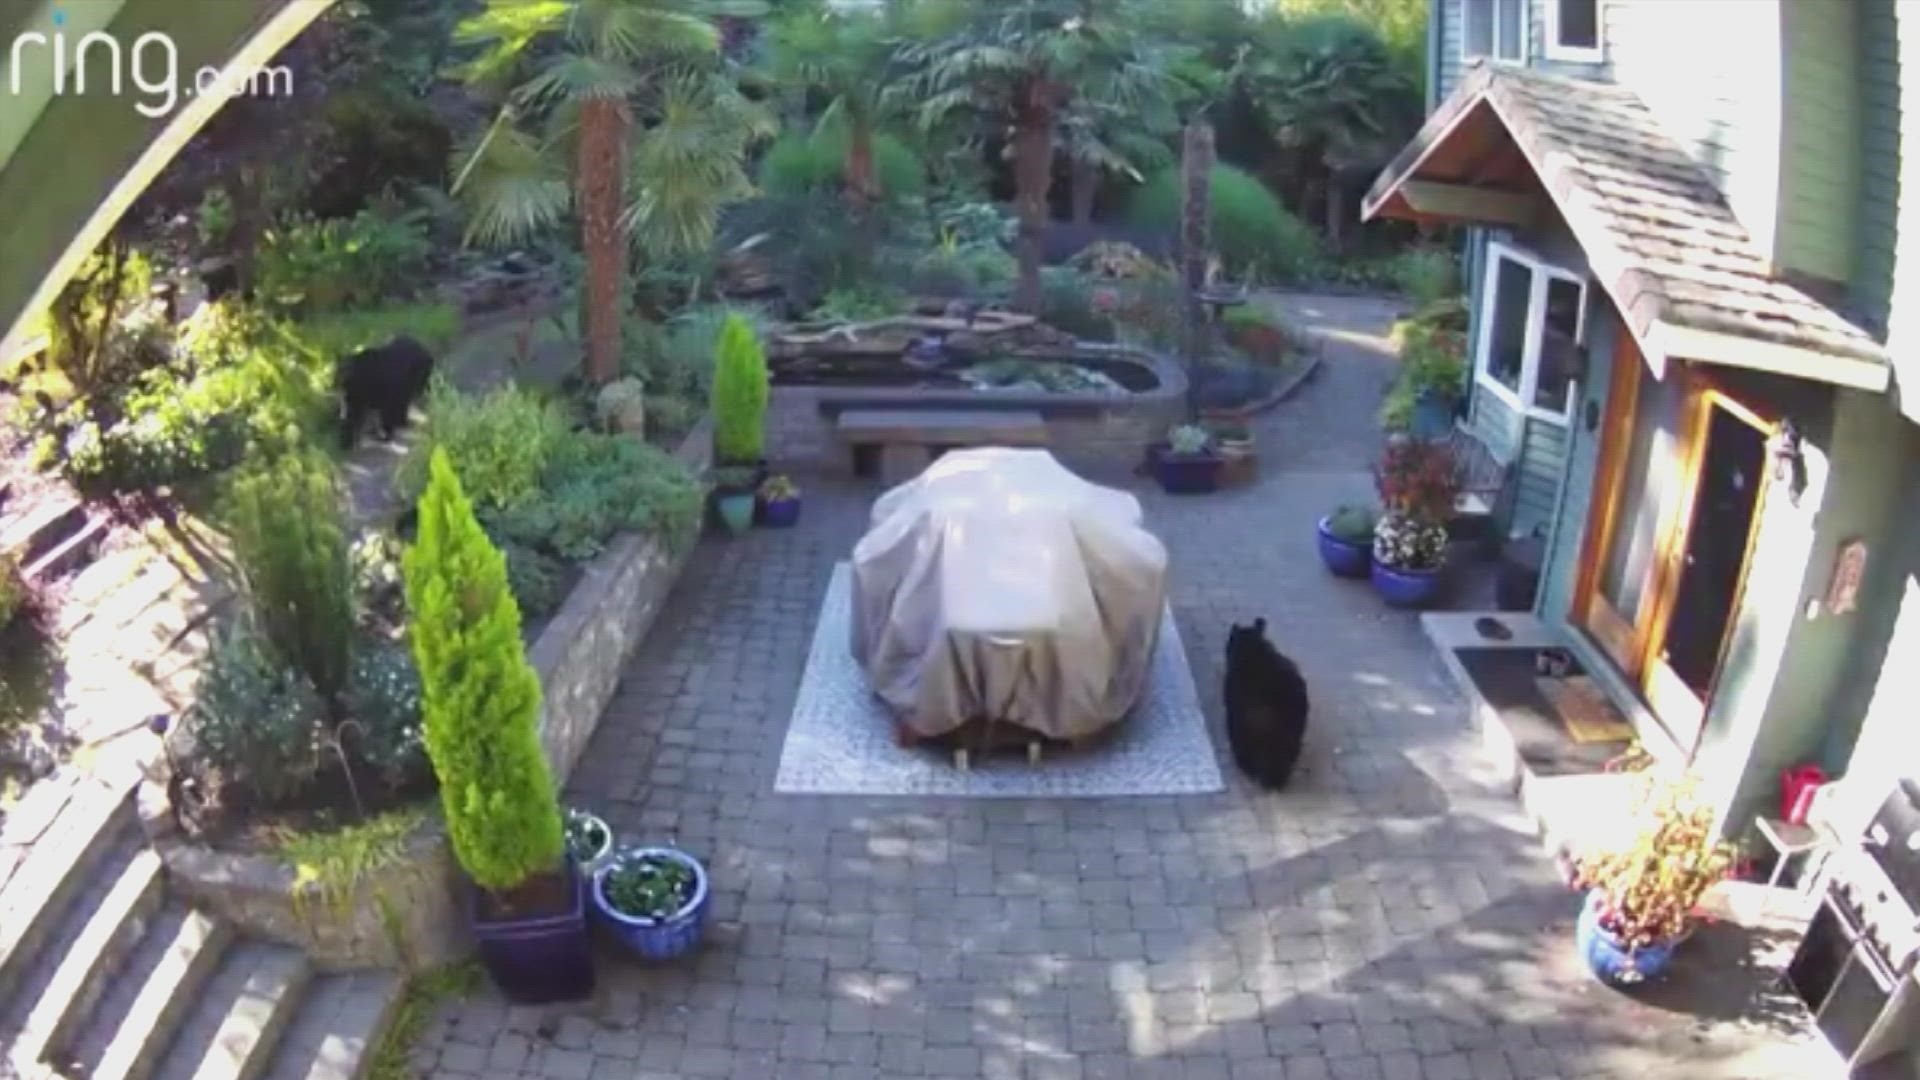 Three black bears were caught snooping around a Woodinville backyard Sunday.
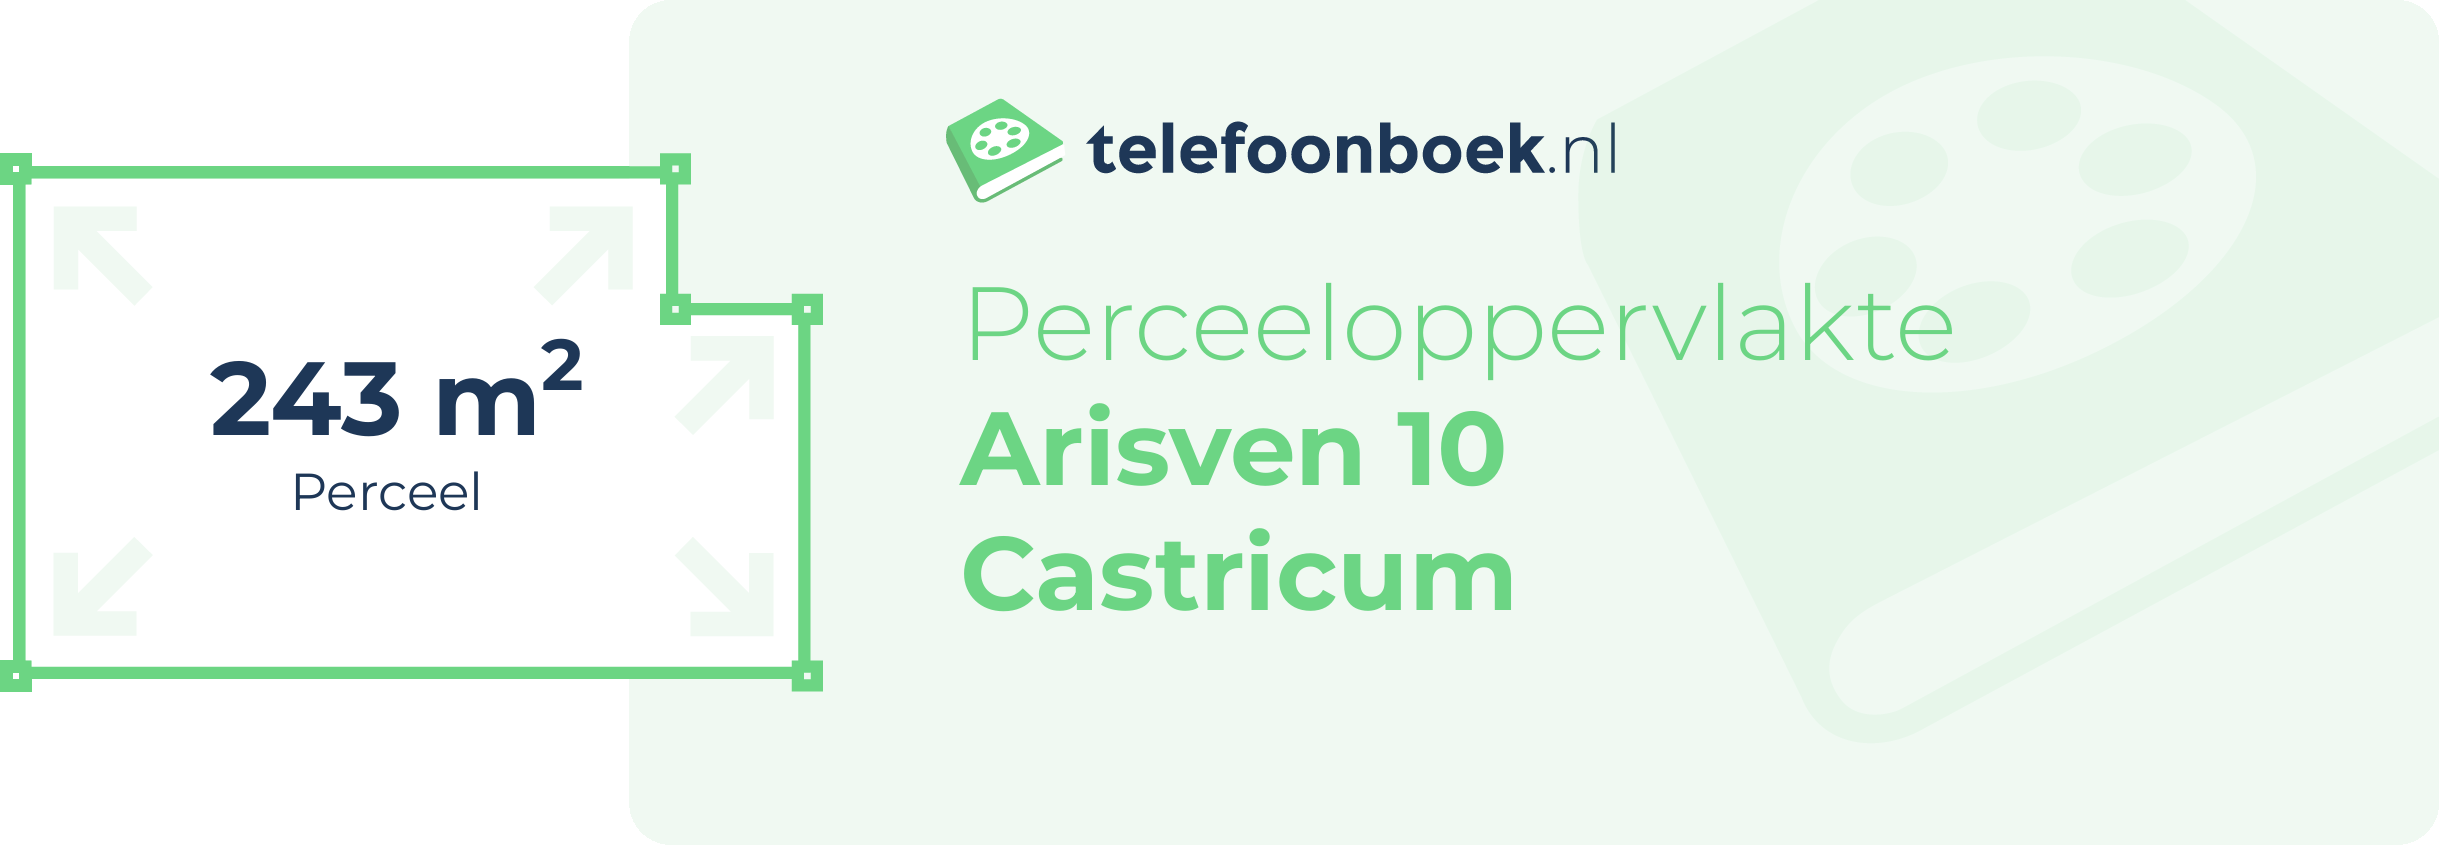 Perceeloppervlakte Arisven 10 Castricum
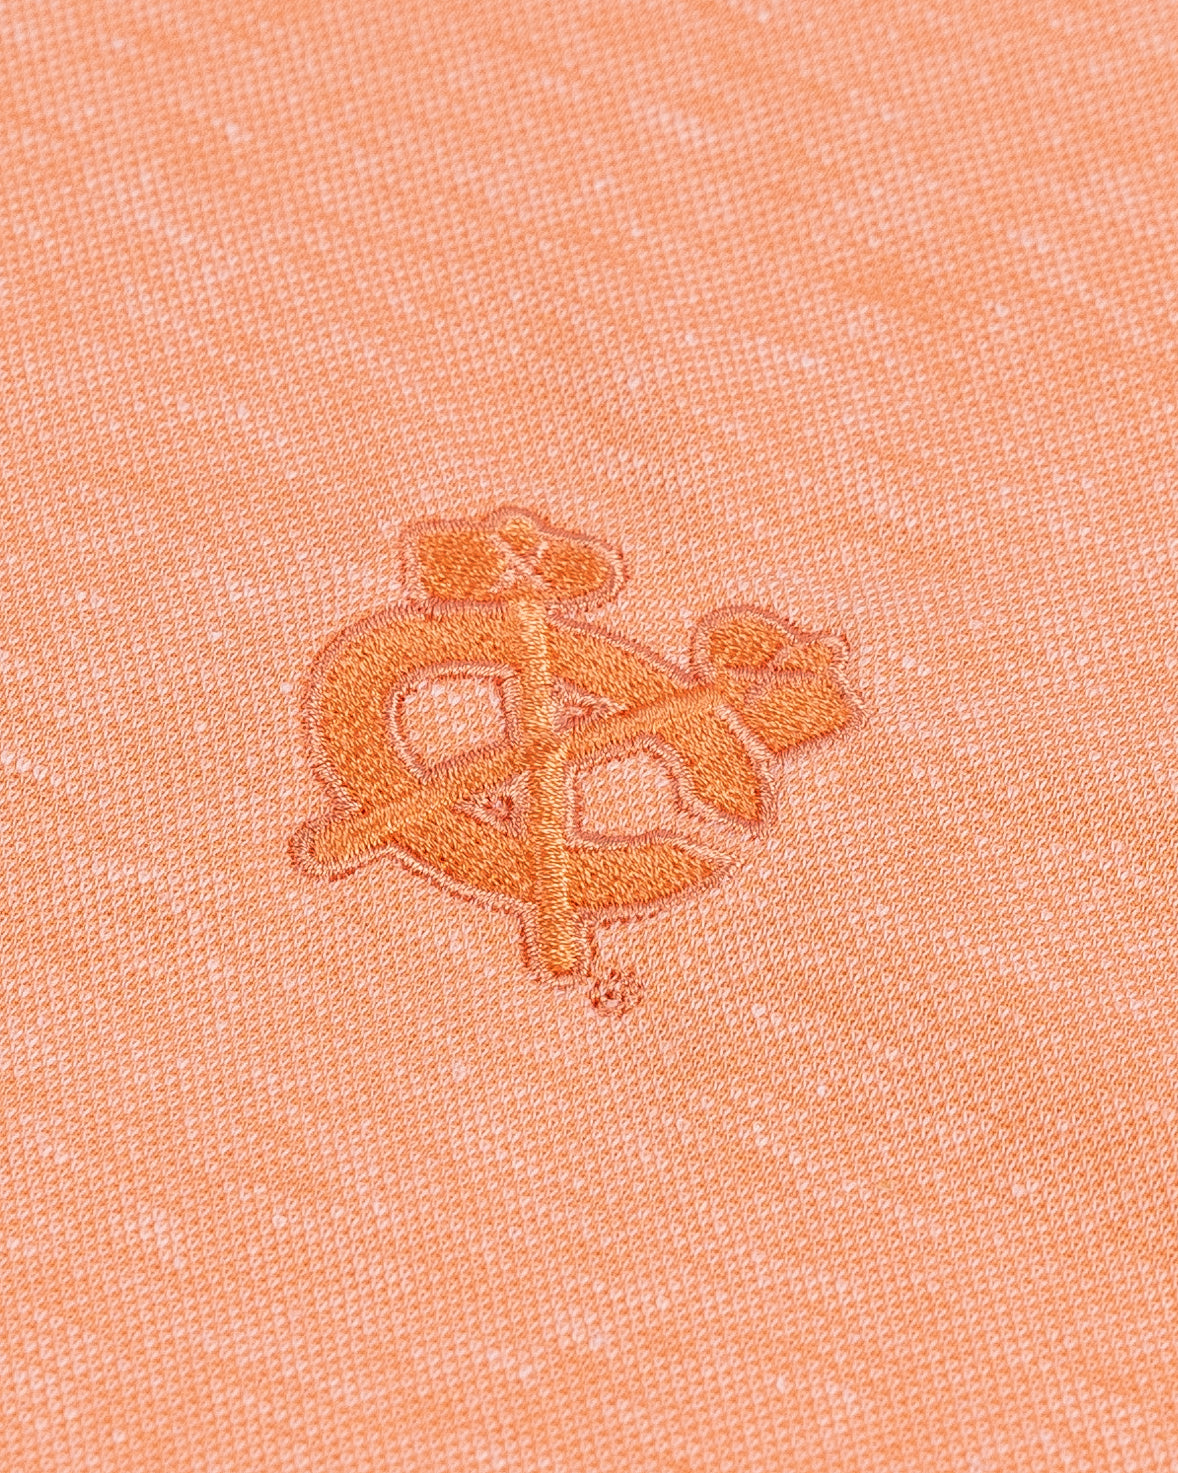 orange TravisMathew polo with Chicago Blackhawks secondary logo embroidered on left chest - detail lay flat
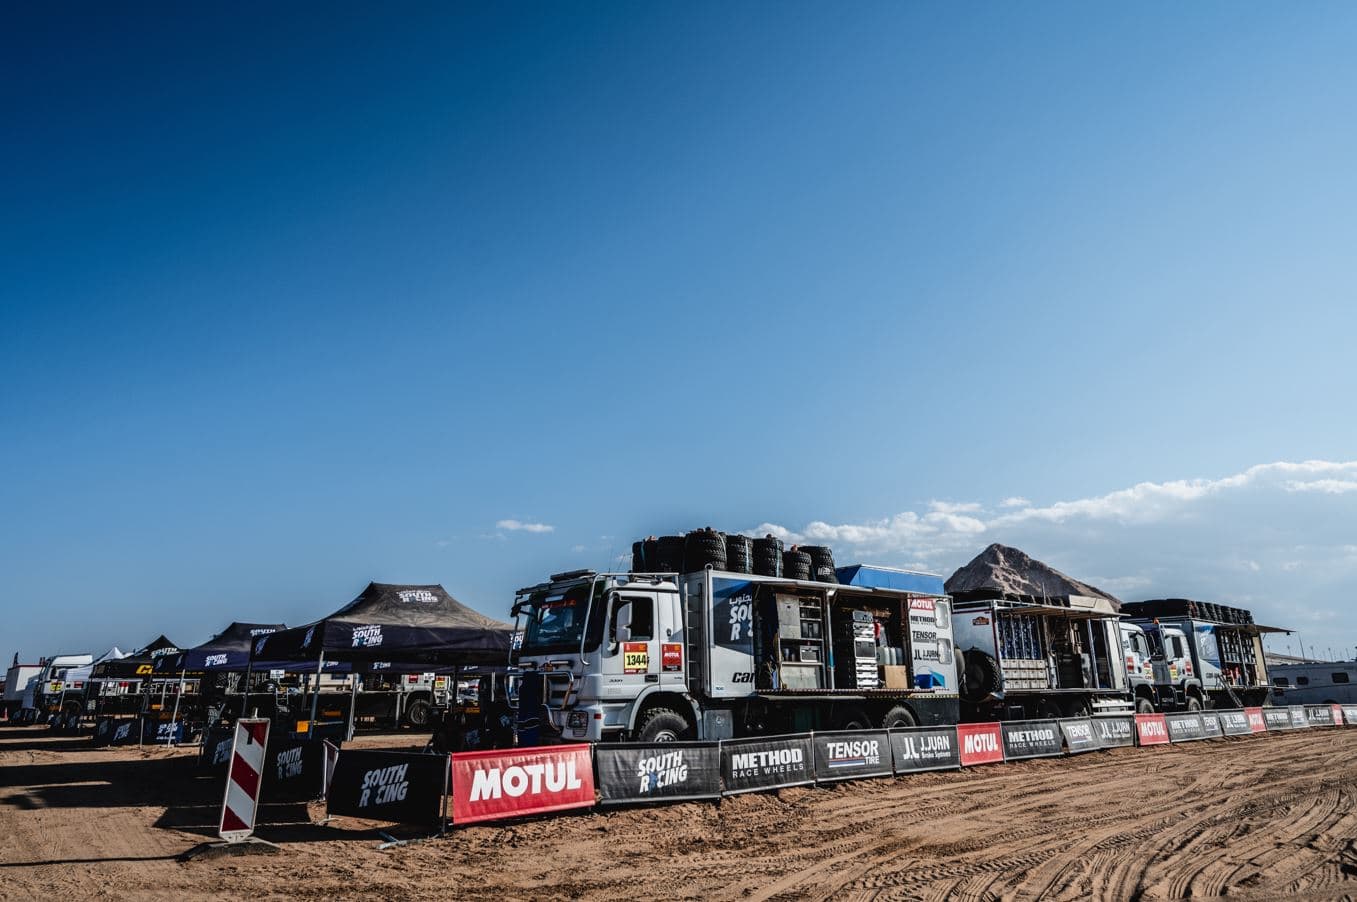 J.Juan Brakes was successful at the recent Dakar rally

▬▬▬

**Assignment**
Could each line of the data be written out exactly, with no pictures included?

**Exercise answer**
 Three black bears were caught snooping around a Woodinville backyard Sunday.
 Perceeloppervlakte Arisven 10 Castricum
 orange TravisMathew polo with Chicago Blackhawks secondary logo embroidered on left chest - detail lay flat
 J.Juan Brakes was successful at the recent Dakar rally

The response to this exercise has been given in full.